Here we will discuss how they work.
First of all, we must point out that logic tree sampling is controlled
by three parameters in the job.ini:
- number_of_logic_tree_samples (default 0, no sampling)
- sampling_method (default ``early_weights``)
- random_seed (default 42)
When sampling is enabled ``number_of_logic_tree_samples`` is a positive
number, equal to the number of branches to be randomly extracted from
full logic tree of the calculation. The precise why the random extraction
works depends on the sampling method.
early_weights
With this sampling method, the engine randomly choose branches depending
on the weights in the logic tree; having done that, the hazard curve
statistics (mean and quantiles) are computed with equal weights.
late_weights
With this sampling method, the engine randomly choose branches ignoring
the weights in the logic tree; however, the hazard curve
statistics are computed by taking into account the weights.
early_latin
With this sampling method, the engine randomly choose branches depending
on the weights in the logic tree by using an hypercube latin sampling;
having done that, the hazard curve statistics are computed with equal weights.
late_latin
Wit this sampling method, the engine randomly choose branches ignoring
the weights in the logic tree, but still using an hypercube sampling;
then, the hazard curve statistics are computed by taking into account
the weights.
More precisely, the engine calls something like the function::
openquake.hazardlib.lt.random_sample(
branchsets, num_samples, seed, sampling_method)
You are invited to play with it; in general the latin sampling produces
samples much closer to the expected weights even with few samples.
Here in an example with two branchsets with weights [.4, .6] and
[.2, .3, .5] respectively.
>>> bsets = [[('X', .4), ('Y', .6)], [('A', .2), ('B', .3), ('C', .5)]]
With 100 samples one would expect to get the path XA 8 times, XB 12
times, XC 20 times, YA 12 times, YB 18 times, YC 30 times.
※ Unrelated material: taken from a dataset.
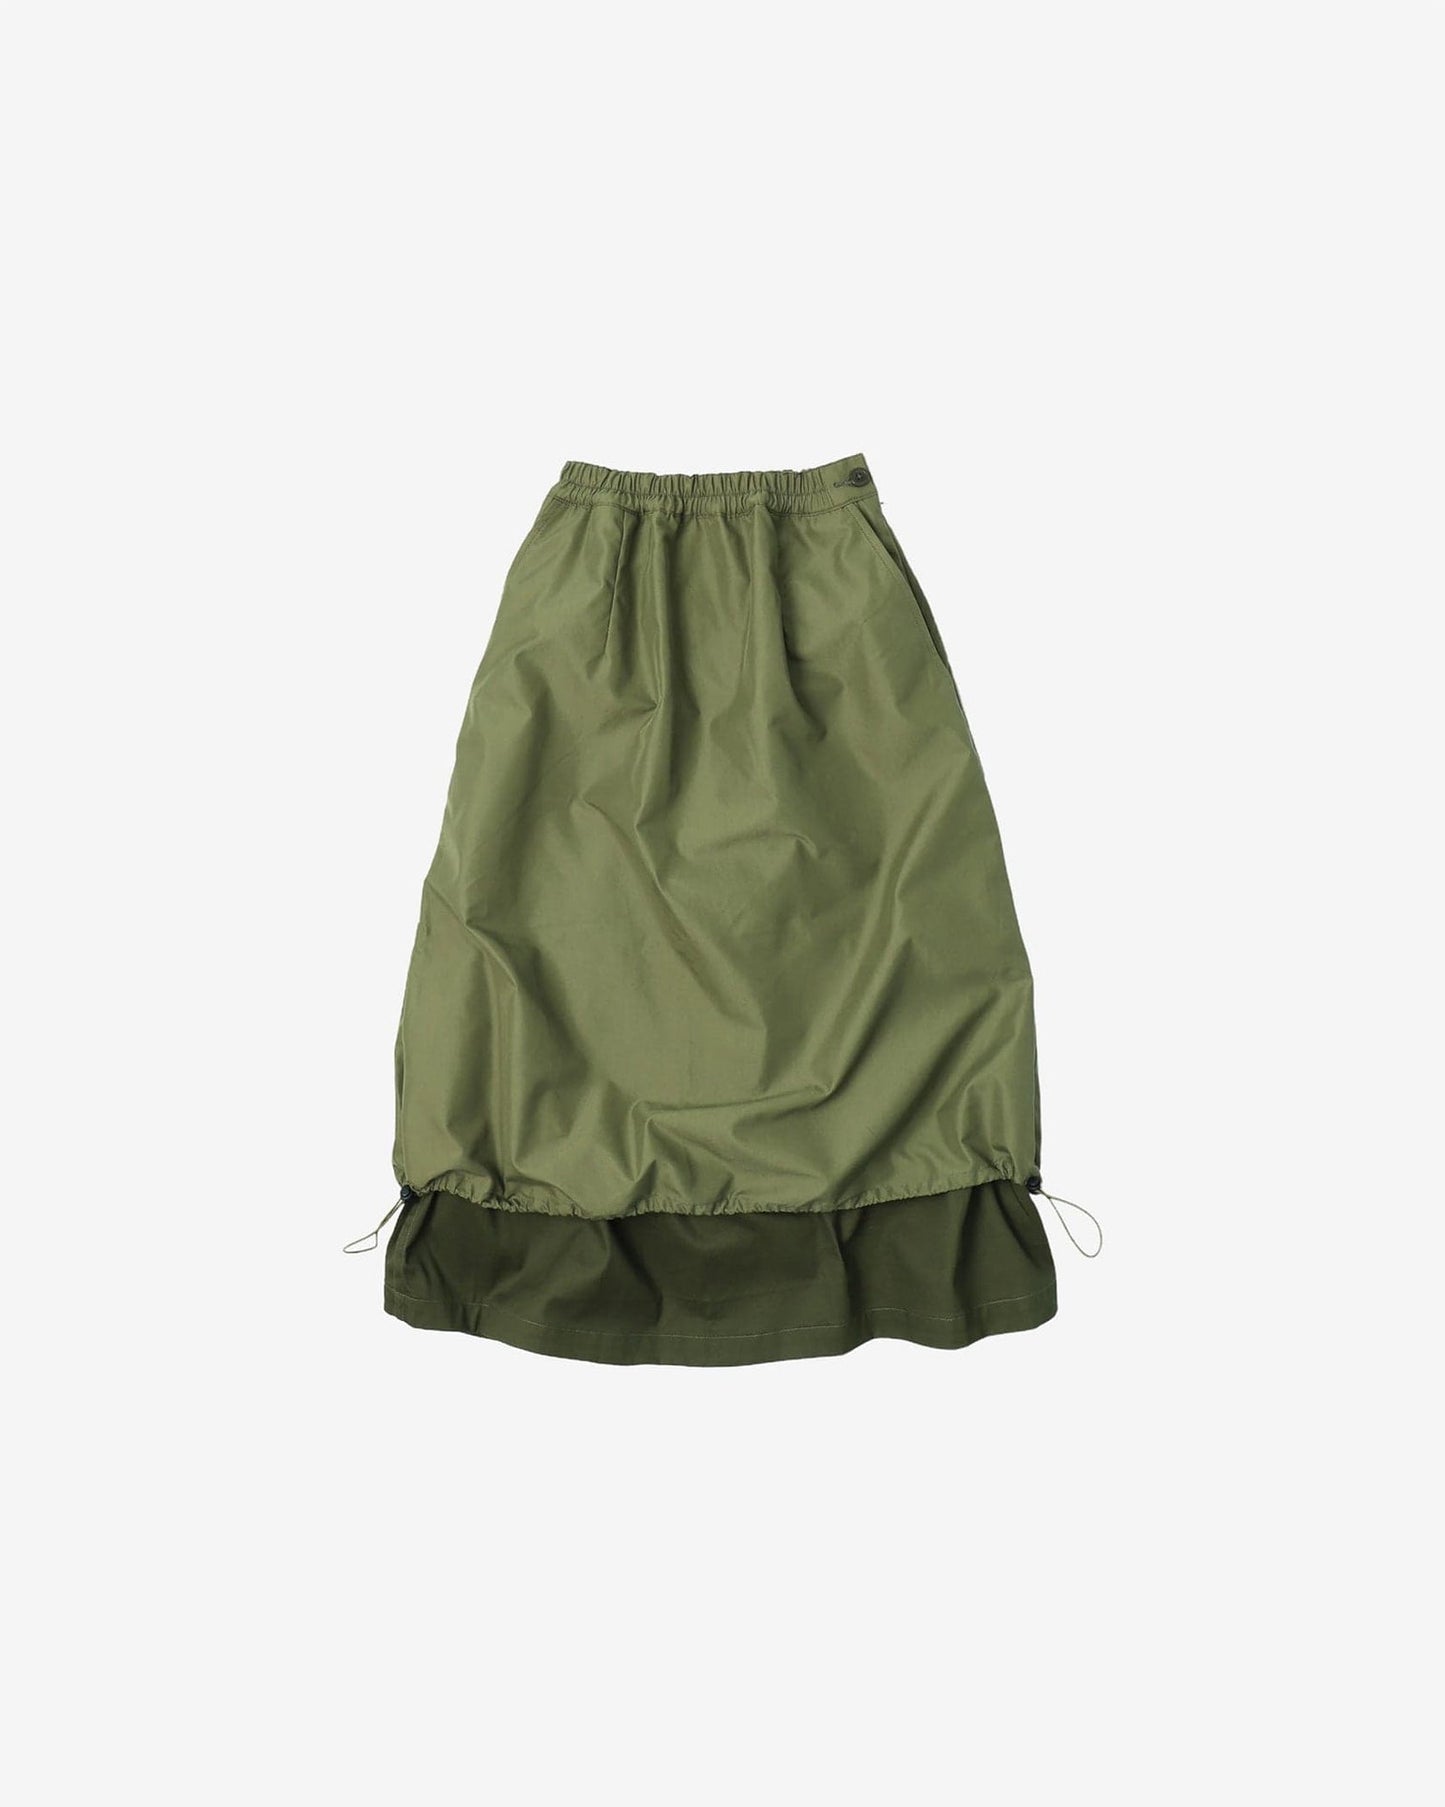 Workware - Mrs.Workware Lounge Skirt #576 - Green

Instead we get:
>>> paths = random_sample(bsets, 100, 42, 'early_weights')
>>> collections.Counter(paths)
Counter({'YC': 26, 'XC': 24, 'YB': 17, 'XA': 13, 'YA': 10, 'XB': 10})
>>> paths = random_sample(bsets, 100, 42, 'late_weights')
>>> collections.Counter(paths)
Counter({'XA': 20, 'YA': 18, 'XB': 17, 'XC': 15, 'YB': 15, 'YC': 15})
>>> paths = random_sample(bsets, 100, 42, 'early_latin')
>>> collections.Counter(paths)
Counter({'YC': 31, 'XC': 19, 'YB': 17, 'XB': 13, 'YA': 12, 'XA': 8})
>>> paths = random_sample(bsets, 100, 45, 'late_latin')
>>> collections.Counter(paths)
Counter({'YC': 18, 'XA': 18, 'XC': 16, 'YA': 16, 'XB': 16, 'YB': 16})